Distributed Energy Resources, GHG Emissions, Regulation, Distributed Generation, Regulation, Solar - March 18, 2017
Weekend reads: Brooklyn's blockchain microgrid; Obama's climate money; solar developer woes & more
Every Saturday, we'll bring you five of the most interesting — or quirky; it is the weekend after all — energy stories from around the web that you may have missed this week. This weekend's reads:
Solar Experiment Lets Neighbors Trade Energy Among Themselves (The New York Times): Brooklyn is known the world over for things small-batch and local, like designer clogs, craft bourbon and artisanal sauerkraut. Now, it is trying to add electricity to the list. In a promising experiment in an affluent swath of the borough, dozens of solar-panel arrays spread across rowhouse rooftops are wired into a growing network. Called the Brooklyn Microgrid, the project is signing up residents and businesses to a virtual trading platform that will allow solar-energy producers to sell excess-electricity credits from their systems to buyers in the group, who may live as close as next door.
To Protect Climate Money, Obama Stashed It Where It's Hard to Find (Bloomberg): President Donald Trump will find the job of reining in spending on climate initiatives made harder by an Obama-era policy of dispersing billions of dollars in programs across dozens of agencies -- in part so they couldn't easily be cut. There is no single list of those programs or their cost, because President Barack Obama sought to integrate climate programs into everything the federal government did. The goal was to get all agencies to take climate into account, and also make those programs hard to disentangle, according to former members of the administration. In some cases, the idea was to make climate programs hard for Republicans in Congress to even find.
Google names Houston top U.S. city for rooftop solar potential (Houston Business Journal): Houston may be the oil and gas capital of the world, but solar energy may be a better fit, according to a new report. Google Inc. announced on March 14 an expansion of its Project Sunroof website, which shows how much money homeowners and property owners can save by installing solar panels on their roofs.
Trump seeks to ax Appalachia economic programs, causing worry in coal country (Reuters): President Donald Trump has proposed eliminating funding for economic development programs supporting laid-off coal miners and others in Appalachia, stirring fears in a region that supported him of another letdown on the heels of the coal industry's collapse. The 2018 budget proposal submitted to Congress by the White House on Thursday would cut funds to the Appalachian Regional Commission (ARC) and the U.S. Economic Development Administration. The Washington-based organizations are charged with diversifying the economies of states like West Virginia and Kentucky to help them recover from coal's decline.

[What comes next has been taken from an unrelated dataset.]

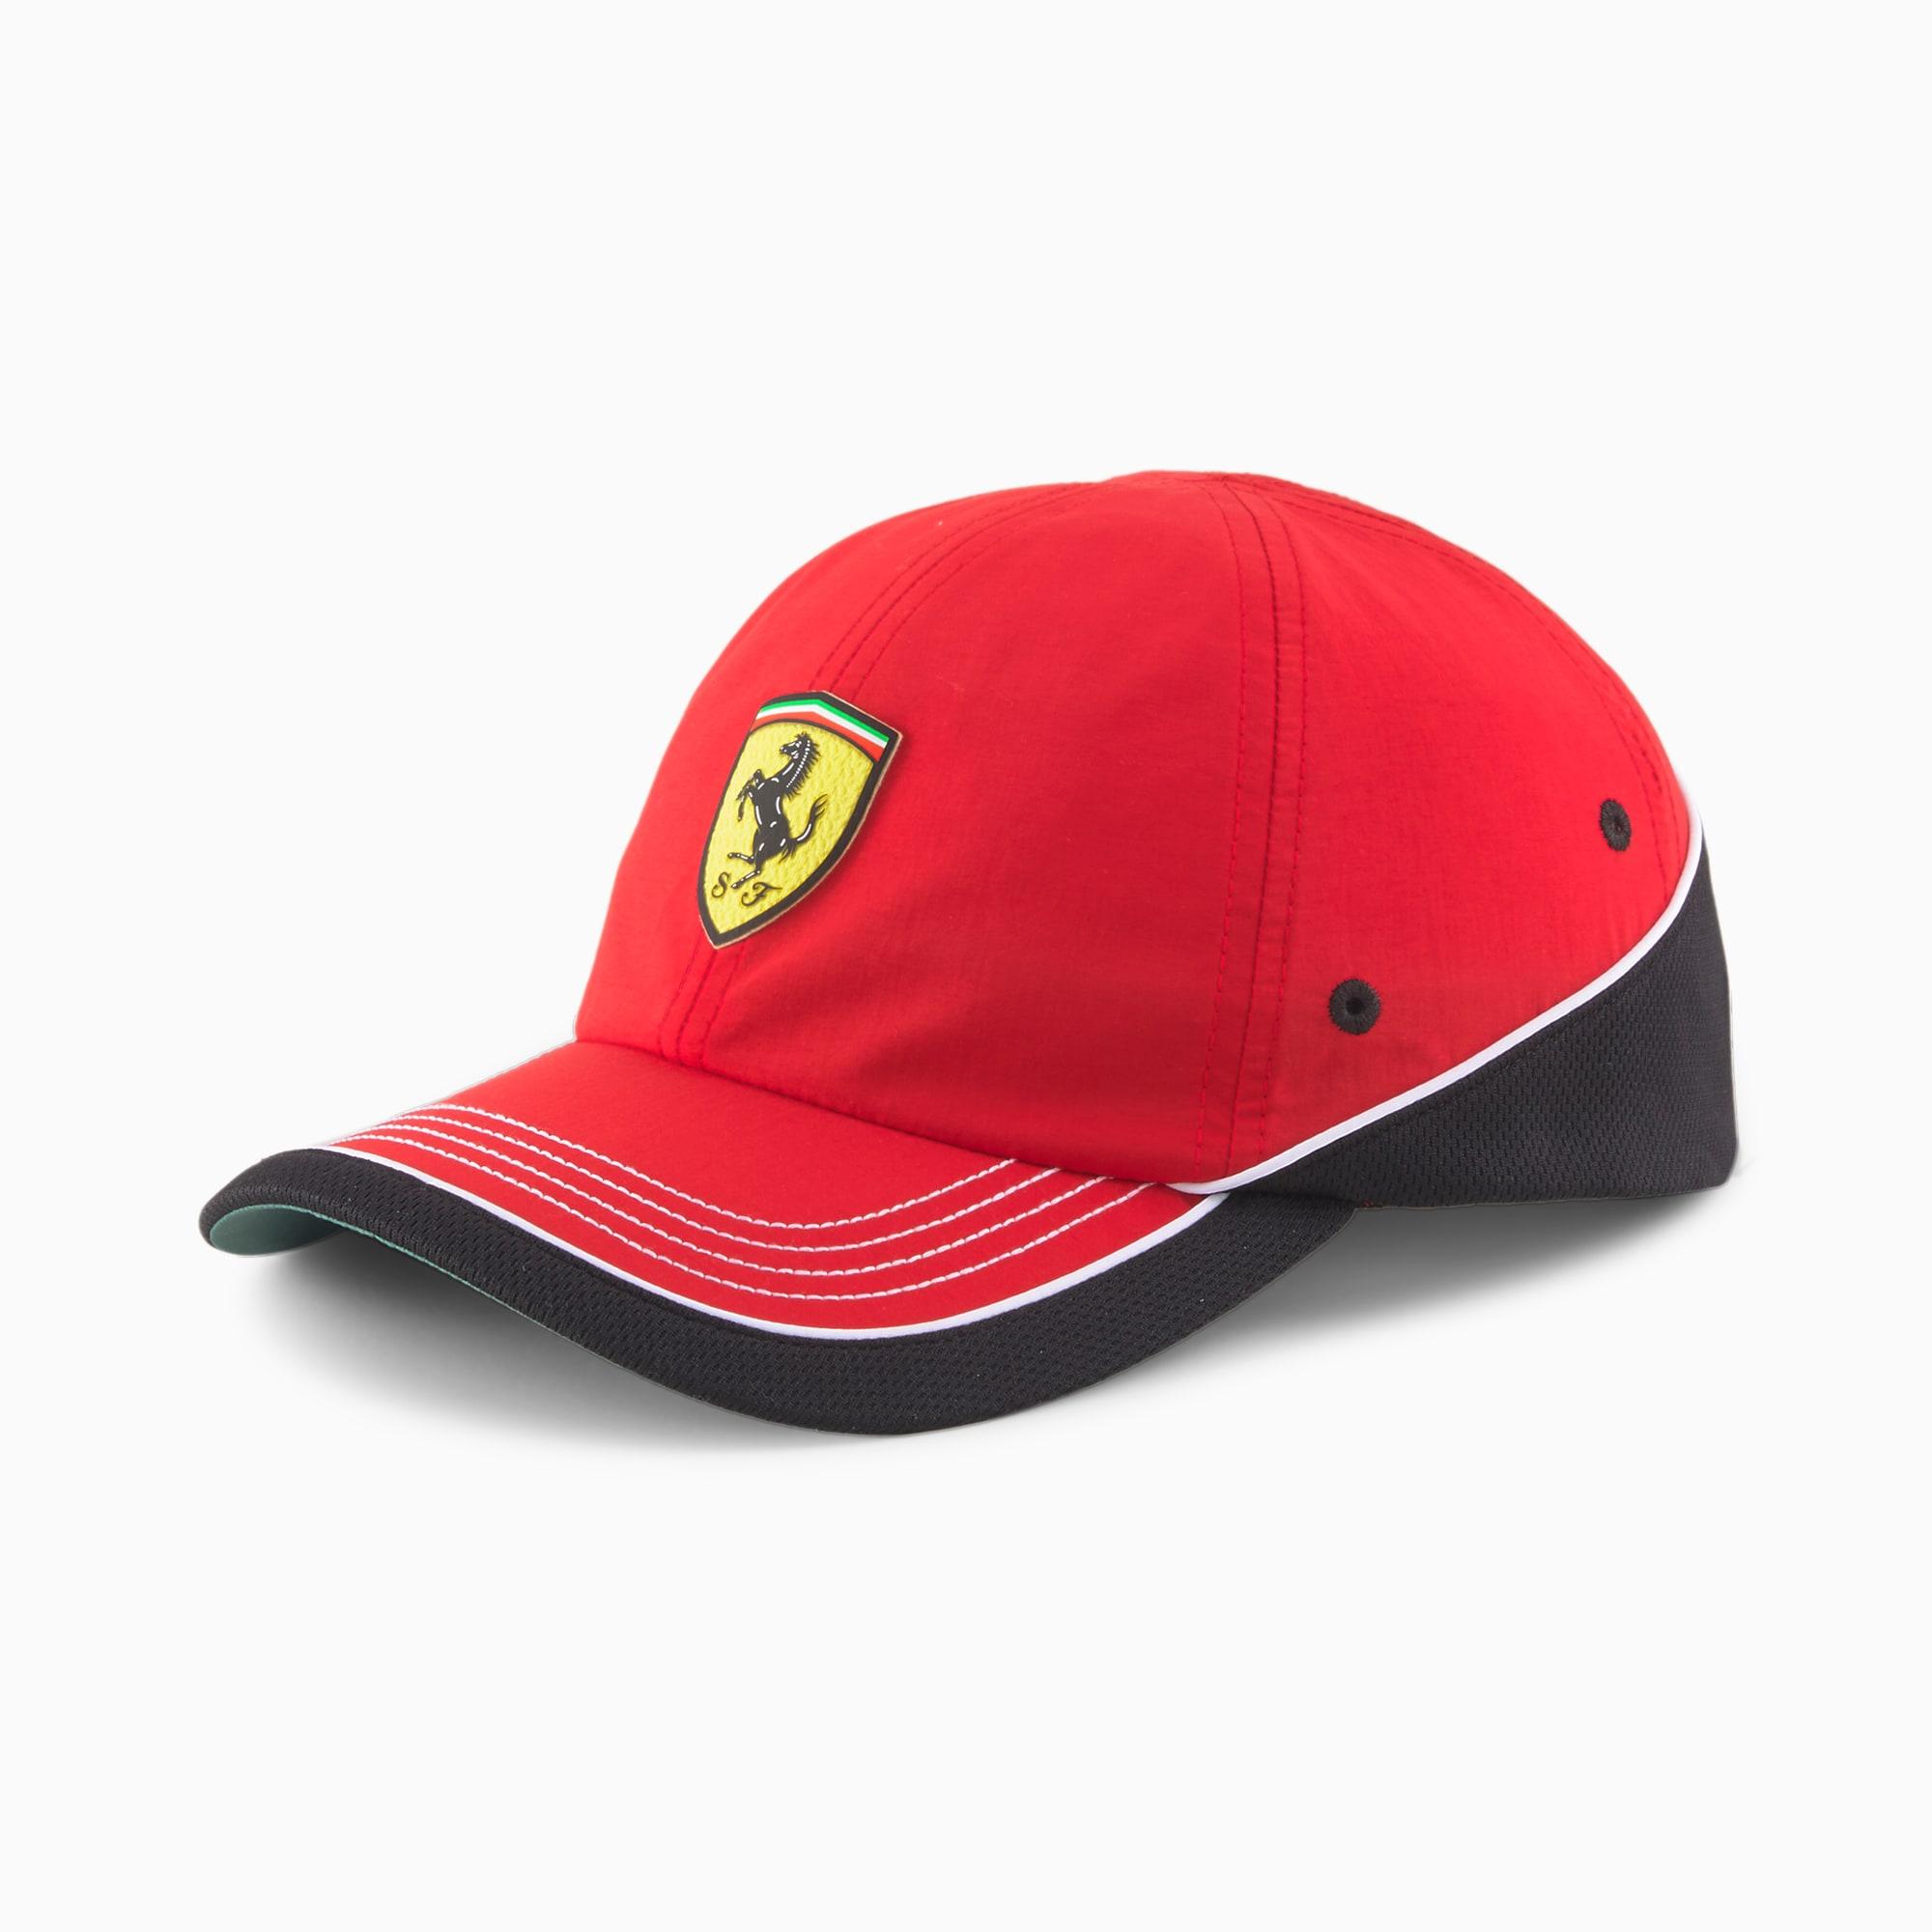 Scuderia Ferrari Baseball Cap Rosso Corsa Puma Mens Styles Puma Germany

Sungevity Cuts Staff by Two-Thirds as Downward Spiral Continues (Greentech Media): The residential solar company, ranked fifth for market share on GTM Research's PV Leaderboard, laid off 66 percent of its remaining workforce Thursday morning. The company had already cut dozens of workers in January after an expected merger fell through at the close of 2016, taking with it the promise of a $200 million cash infusion. Bankruptcy could be coming very soon, multiple sources at the company reported.